Isn't this another mastering of the same recording? The YouTube poster says it comes from a Columbia/CBS/Sony compilation.


----------



## Woodduck (Mar 17, 2014)

Tsaraslondon said:


> For once I find myself in sharp disagreement with Woodduck. Not only do I like Cook's voice, but I like her rather dead pan delivery of the piece. I have no doubt but that it was how she was directed to sing it. Too often singers tend to overplay and underline the comedy so that it becomes almost slapstick and Cook avoids that completely by playing it absolutely straight and allowing the music to do the work. Not that I'm saying Costa overplays it, but her version is somewhat compromised by the sound and it's not always possible to hear exactly how she's singing.
> 
> I had rather hoped we would get another round, so here are a couple of versions I've always enjoyed.
> 
> ...


I think these are both marvelous. Fleming's familiar crooning inflections and her (admittedly brilliant but sometimes distracting) micromanaging fit the parodistic aspect of the piece perfectly, and Upshaw's naturally innocent vocal quality - she's a sort of operatic Julie Andrews in that way - is throughly endearing. I also appreciate the fact that she doesn't think she has to affect a foreign (posh English) accent. They both make choosing a favorite all the harder, but then who needs to?


----------



## Woodduck (Mar 17, 2014)

I'm honestly baffled to find myself alone in thinking that Barbara Cook isn't the last word in this music. I was alone in choosing someone else in round one, and am alone again in this round. I can't figure out what makes Cook, or her version of this, superior either vocally or interpretively to some of the others we've heard. For one thing, I think having an opera-calibre voice is a real asset in what is clearly a parody of opera, and I can't imagine wanting to hear Cook in any opera, except possibly in a minor character part.


----------



## Tsaraslondon (Nov 7, 2013)

Woodduck said:


> I'm honestly baffled to find myself alone in thinking that Barbara Cook isn't the last word in this music. I was alone in choosing someone else in round one, and am alone again in this round. I can't figure out what makes Cook, or her version of this, superior either vocally or interpretively to some of the others we've heard. For one thing, I think having an opera-calibre voice is a real asset in what is clearly a parody of opera, and I can't imagine wanting to hear Cook in any opera, except possibly in a minor character part.

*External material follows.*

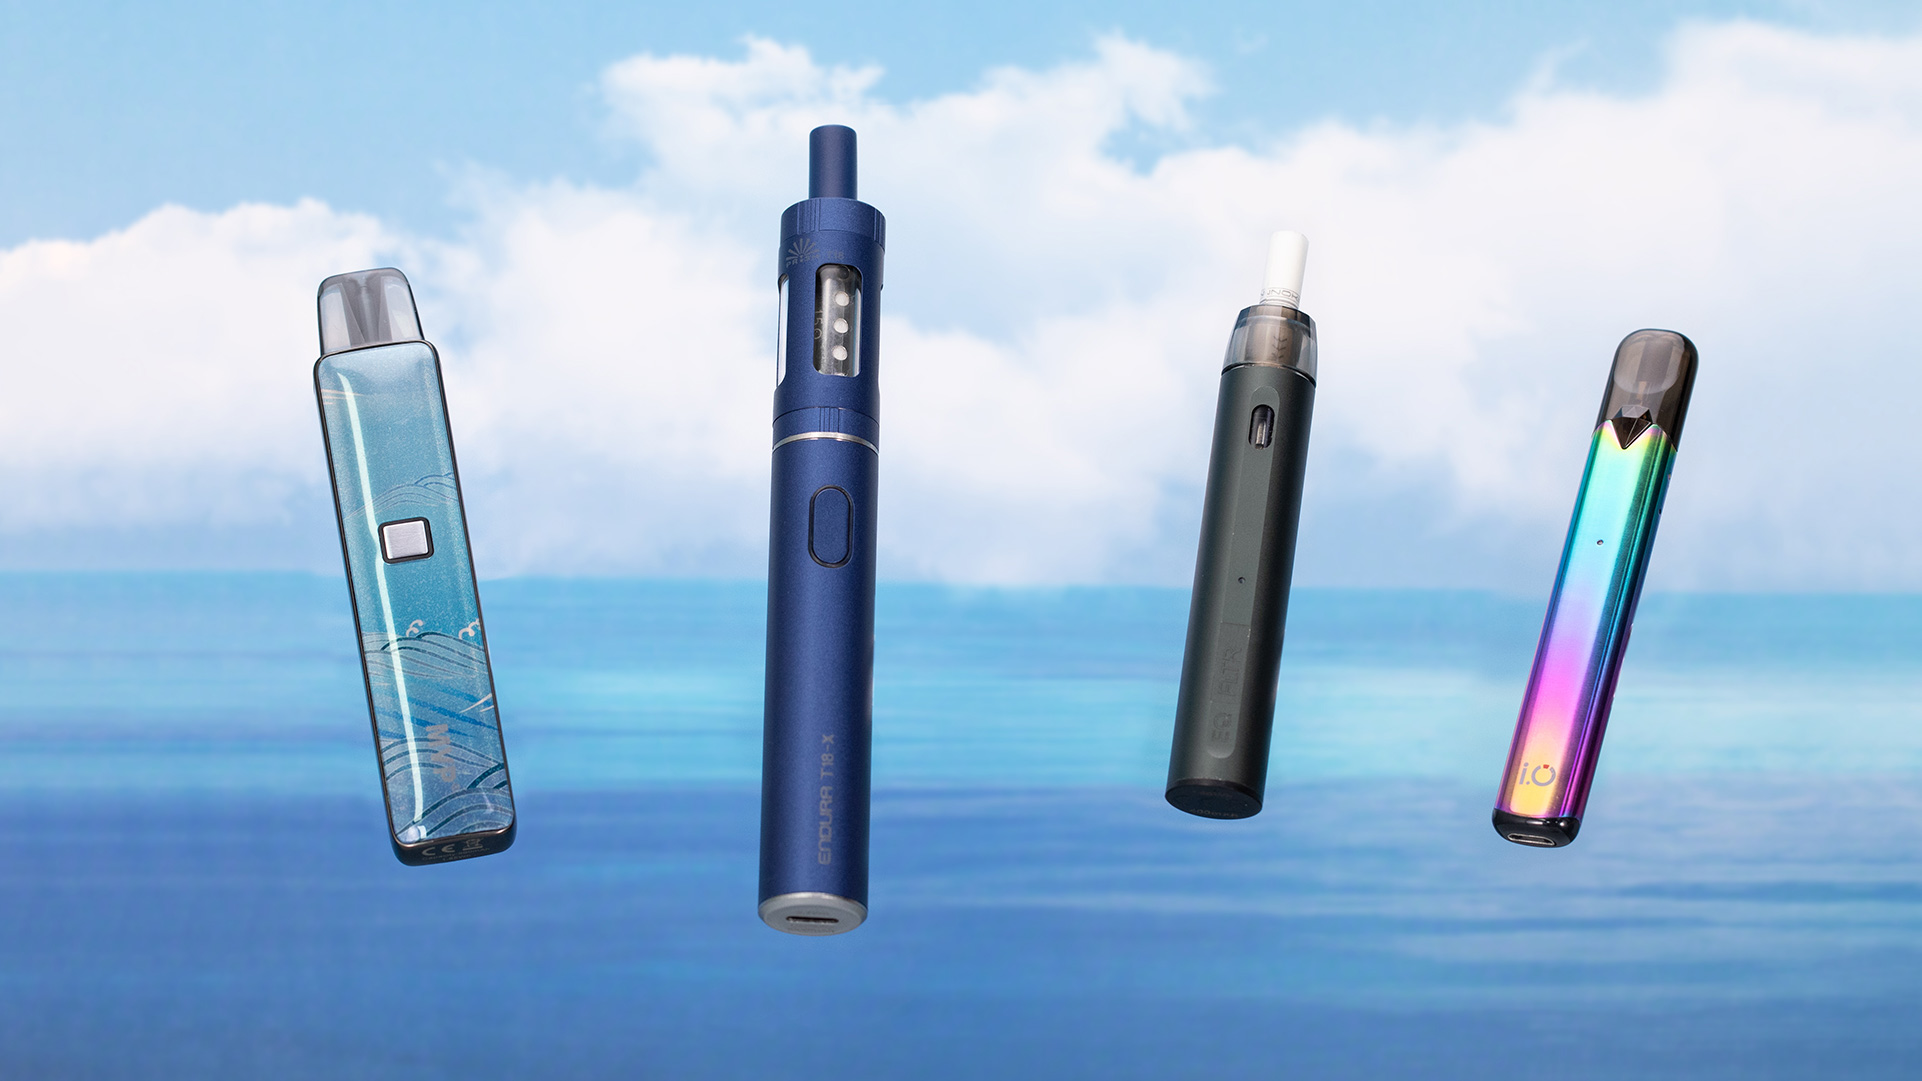 The Beginner's Guide To Dab Pens
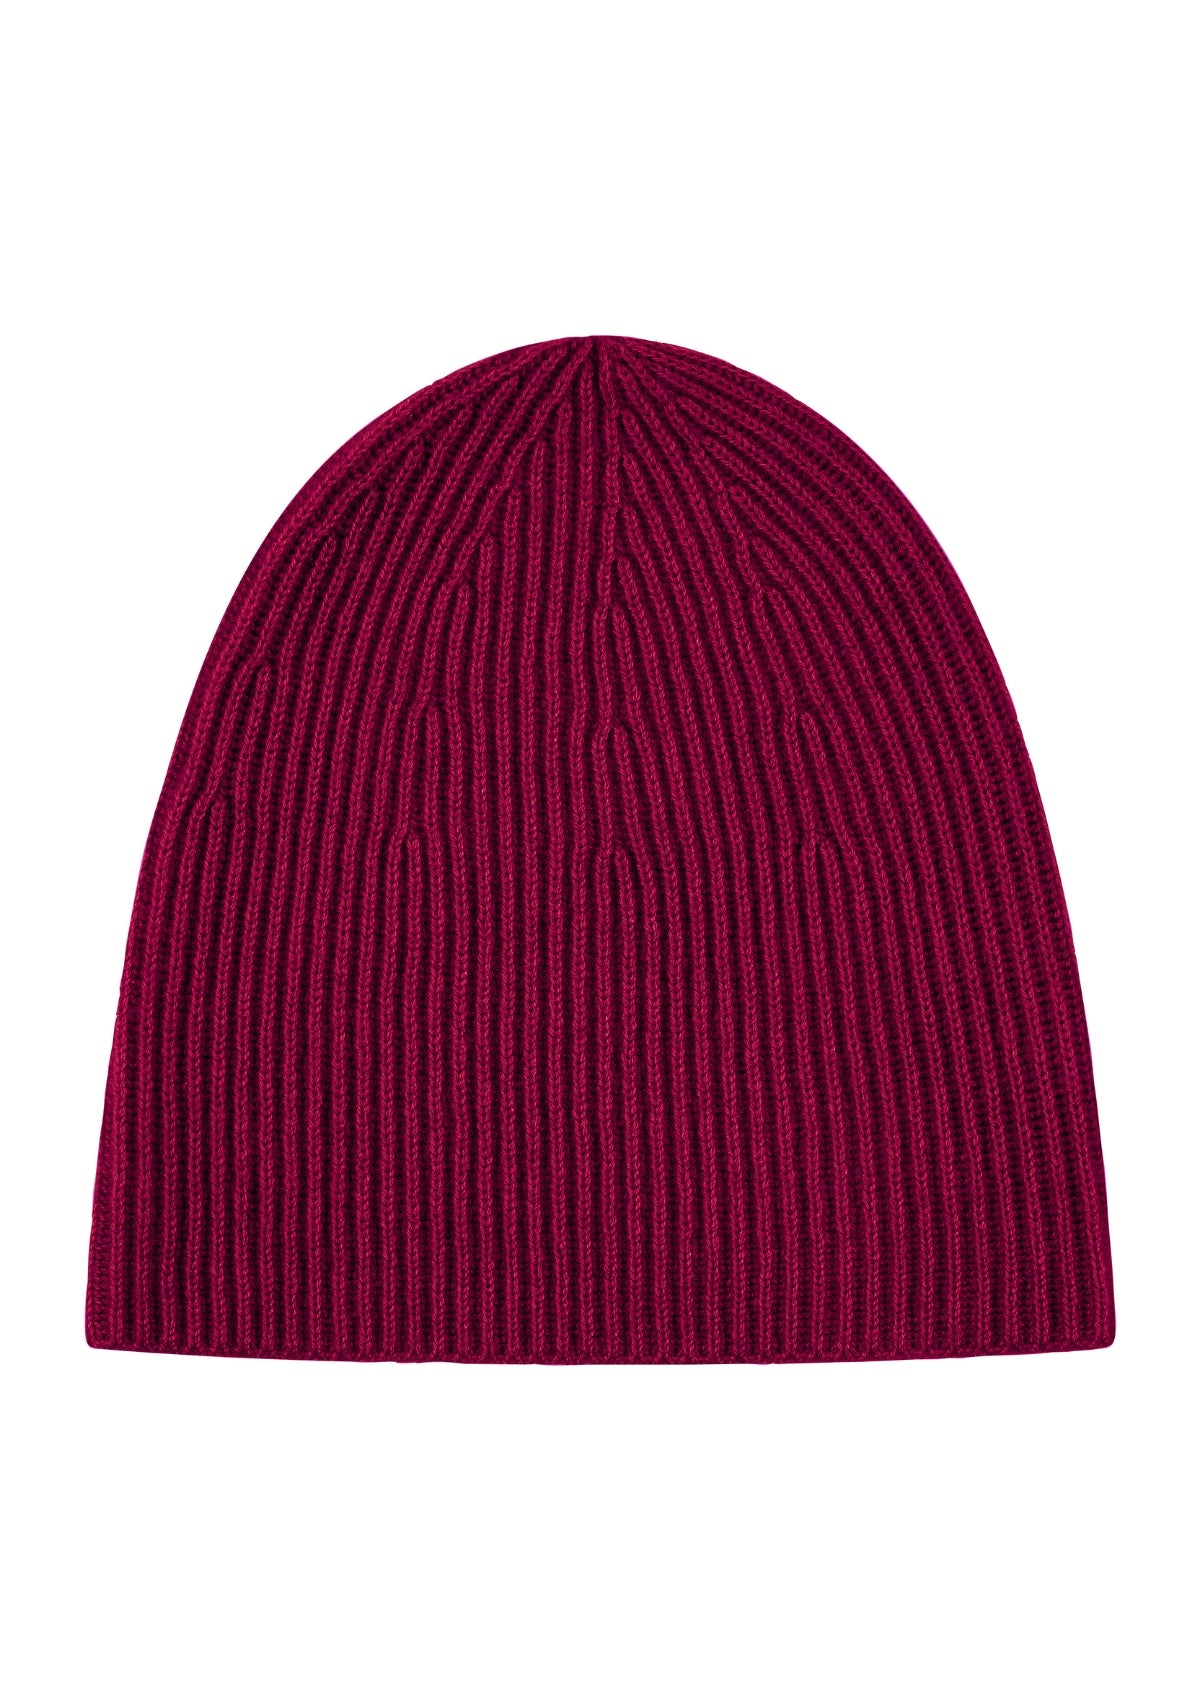 Cashmere Beanie in Barolo Red

I suppose some of the reverence for Cook is pure sentiment, as no doubt many of us will have first got to know the aria from her version on the Broadway cast album. Nonetheless, and though I'm not saying I would like to hear her sing Donizetti or Rossini, I do like her voice and I do like her dead pan delivery. Her diction is superb too. You don't miss a word of the text and yet it's perfectly natural. Having heard her live several times, I can attest to the fact that one of her greatest virtues was the perfection of her diction and how it enabled you to hear all the words of whatever she was singing. You often felt you were hearing the words of a familiar song for the first time, and yet she never mugged or overpointed the lyrics, just sang them simply and naturally. This song from Sondheim's *Follies* is a perfect example of her superb, natural diction and I love the way she is able to swell the tone when the music suddenly turns lyrical when the big tune comes in on _In Buddy's eyes.





_
Now *Candide* may defy categorisation, but it was conceived as a Broadway musical, even if it a pastiche of operetta. Bernstein himself rather killed it with kindness when he conducted it at the Barbican with the LSO and a cast of mostly opera singers, just as he did *West Side Story* when he recorded it with Carreras and Te Kanawa. I still prefer their Broadway cast album couterparts.


----------



## Woodduck (Mar 17, 2014)

Tsaraslondon said:


> I suppose some of the reverence for Cook is pure sentiment, as no doubt many of us will have first got to know the aria from her version on the Broadway cast album. Nonetheless, and though I'm not saying I would like to hear her sing Donizetti or Rossini, I do like her voice and I do like her dead pan delivery. Her diction is superb too. You don't miss a word of the text and yet it's perfectly natural. Having heard her live several times, I can attest to the fact that one of her greatest virtues was the perfection of her diction and how it enabled you to hear all the words of whatever she was singing. You often felt you were hearing the words of a familiar song for the first time, and yet she never mugged or overpointed the lyrics, just sang them simply and naturally. This song from Sondheim's *Follies* is a perfect example of her superb, natural diction and I love the way she is able to swell the tone when the music suddenly turns lyrical when the big tune comes in on _In Buddy's eyes.
> 
> 
> 
> ...


When it comes to non-classical singing I'm afraid I'm something of a philistine. I never have paid close attention to the popular musical theater, though I've heard plenty of musicals, seen a few, and could hardly escape familiarity with much of the music. I can see Cook as a fine exponent of the genre, and her musical virtues don't escape me; that performance of "In Buddy's Eyes" could hardly be bettered, and in that genre I do actually find her vocal timbre satisfactory. I presume she was also effective as an actress. 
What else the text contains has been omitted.